On his 14th birthday, RJ Sullivan got a gift a true Lego lover, like himself, can appreciate, “It’s the White House.” But it was another gift out of Washington D.C. that brought great relief to his family.
The Food and Drug Administration approved the first steroid, this month, used to treat Duchenne Muscular Dystrophy.
"The letter stated, it was very exciting news, that this drug was going to be produced by Marathon here in the U.S.,” said RJ’s mom Suzanne Sullivan.
RJ was diagnosed with the fatal muscle-wasting disease eight years ago. "The best option, and it is a daily option, is to take a steroid," said Suzanne Sullivan.

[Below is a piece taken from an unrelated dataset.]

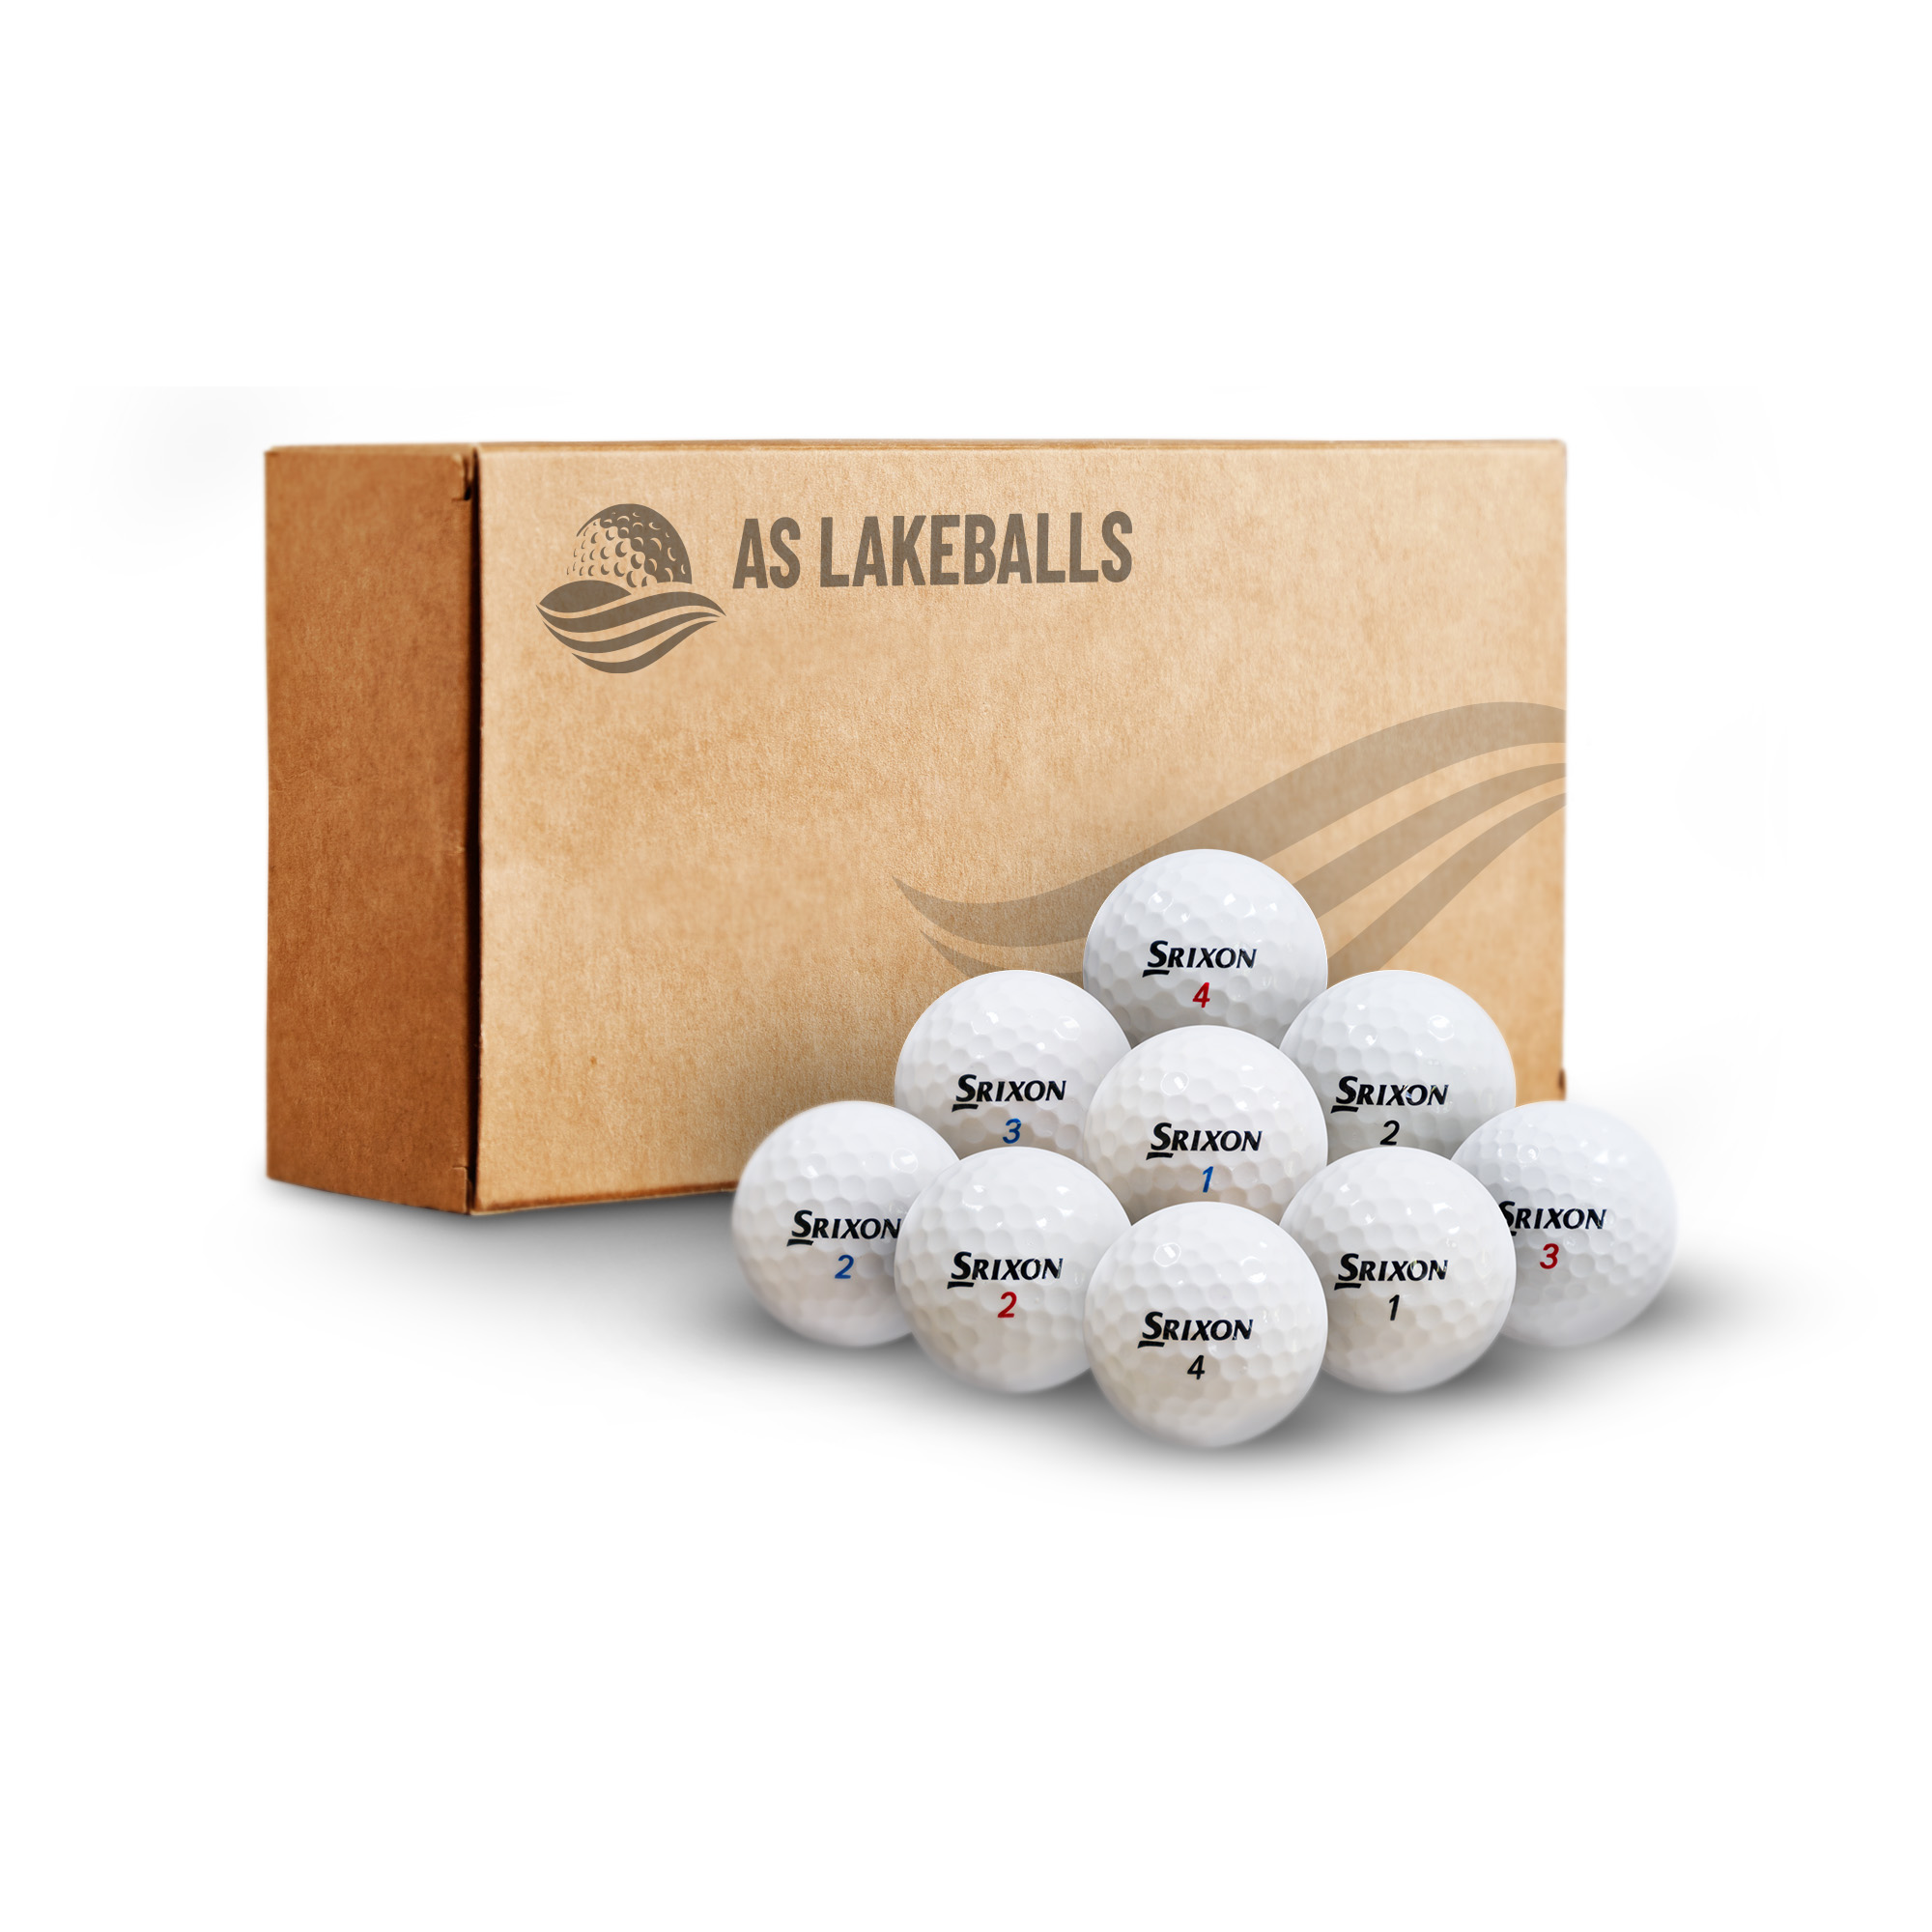 100 Srixon Mix AA-AAA bei AS Lakeballs günstig kaufen

Pending FDA approval, the Sullivan’s have been buying Deflazacort from the U.K. "We pay anywhere from $700 to $1400 a year" said Suzanne.
So imagine their surprise when Marathon announced their version Emflaza would come with an $89,000 price tag. "This is the standard of care, the only treatment out there for boys with Duchenne... It doesn't seem right that they can do that."
But they can, because of the 1983 Orphan Drug Act signed into law by President Ronald Reagan. The act incentivizes companies to develop drugs for rare diseases by allowed them to have seven year monopolies, meaning no other company can sell that drug during that time.
"To save your son you have to live in a shoe box," said Jennifer Dumm
Right now Dumm’s son, Owen is on a trial for the only other FDA approved specialty drug for Duchenne. She says in 96 weeks, the change is noticeable. "He was not only able to scratch his knee or his ankle but sit back up again, where before he couldn't, " said Dumm.
That progress is the reason she says she'll give up everything to keep him on this lifesaving drug.
"The baseline of this drug is $325,000 a year… Right now there is a lot of controversy with the insurance companies not wanting to cover the cost of this drug."
So parents are left fighting to obtain two drugs that are the only hope for the estimated 15,000 living with this rare, incurable disease.